Systemic adverse effects may include lethargy, fatigue, reduced appetite, vomiting, diarrhea, or pruritus. Hypersensitivity reactions (eg, facial, eye, or ear swelling; localized erythema) occurred in 6% of healthy beagles.15

Dosage

Gilvetmab (10 mg/kg as an IV infusion over 30 minutes) can be repeated every 2 weeks for up to 10 treatments.

Additional Information

Diphenhydramine (2 mg/kg IM or PO) should be administered prior (IM, 15-30 minutes; PO, 4 hours) to gilvetmab administration to prevent or reduce infusion reactions. Gilvetmab is conditionally licensed by the USDA while further efficacy, safety, and potency studies are conducted.

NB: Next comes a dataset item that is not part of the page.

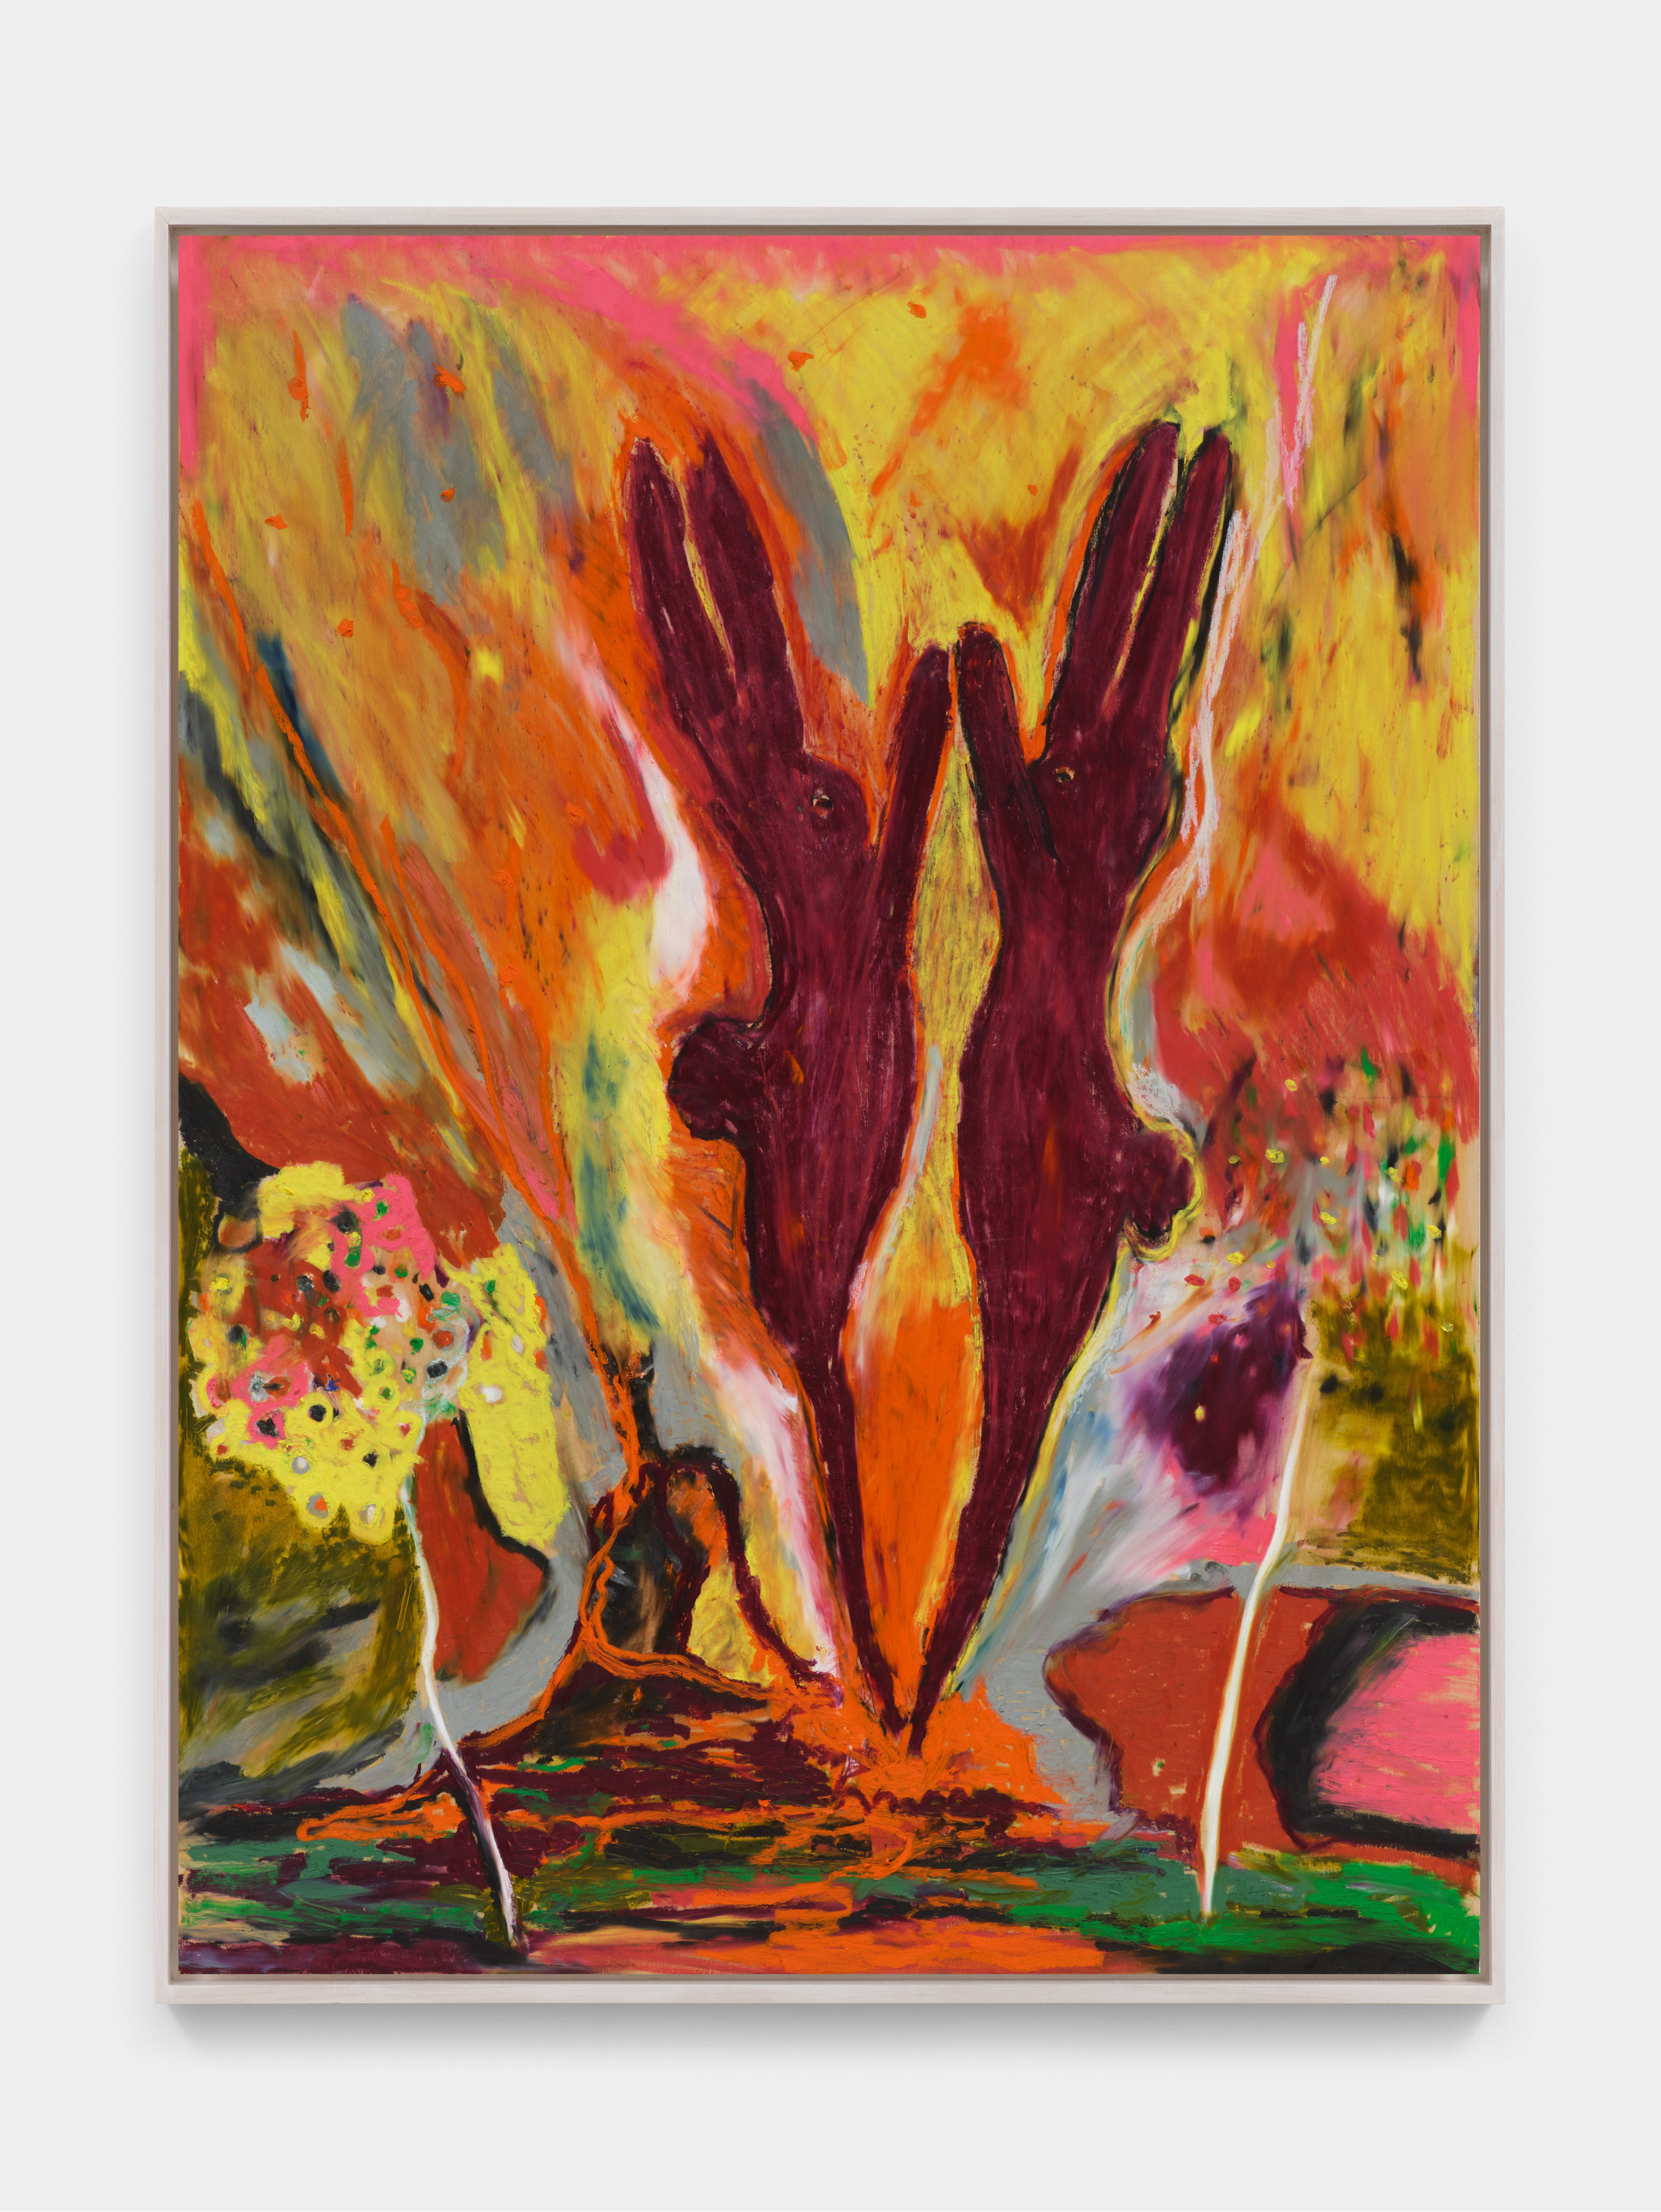 An oil on wood panel painting of two red bunnies rejoicing in front of flowers and an exploding volcano surrounded by orange and yellow plumes.

Drugs With Long-Standing Approval for Human Use Newly Approved for Veterinary Use

Phenobarbital

Phenobarbital tablets are conditionally FDA-approved for the control of seizures associated with idiopathic epilepsy in dogs. This product is available in 16.2-, 32.4-, 64.8-, and 97.2-mg unflavored, bisected tablets. Extra-label use (ie, unapproved species, dose, route, frequency) of a conditionally approved drug is prohibited by the FDA; this product must be used at the labeled dosage and in dogs only.

Metronidazole

Metronidazole oral suspension is FDA-approved for the treatment of Giardia duodenalis in dogs. The 125-mg/mL product has a poultry liver flavor in an oily suspension base and is available in 30- and 100-mL bottles. This product has been available in several countries (eg, Australia, Canada, the United Kingdom).


New Dosage Forms

Oclacitinib is now available as chewable tablets.


Updated Indications

An additional indication was added to both afoxolaner and fluralaner labels for the treatment and control of Haemaphysalis longicornis (ie, Asian longhorned tick).


First Generic Approvals

First generic approvals were given for maropitant tablets (dogs), firocoxib tablets (dogs), acepromazine tablets (dogs), and imidacloprid/moxidectin topical solution (cats).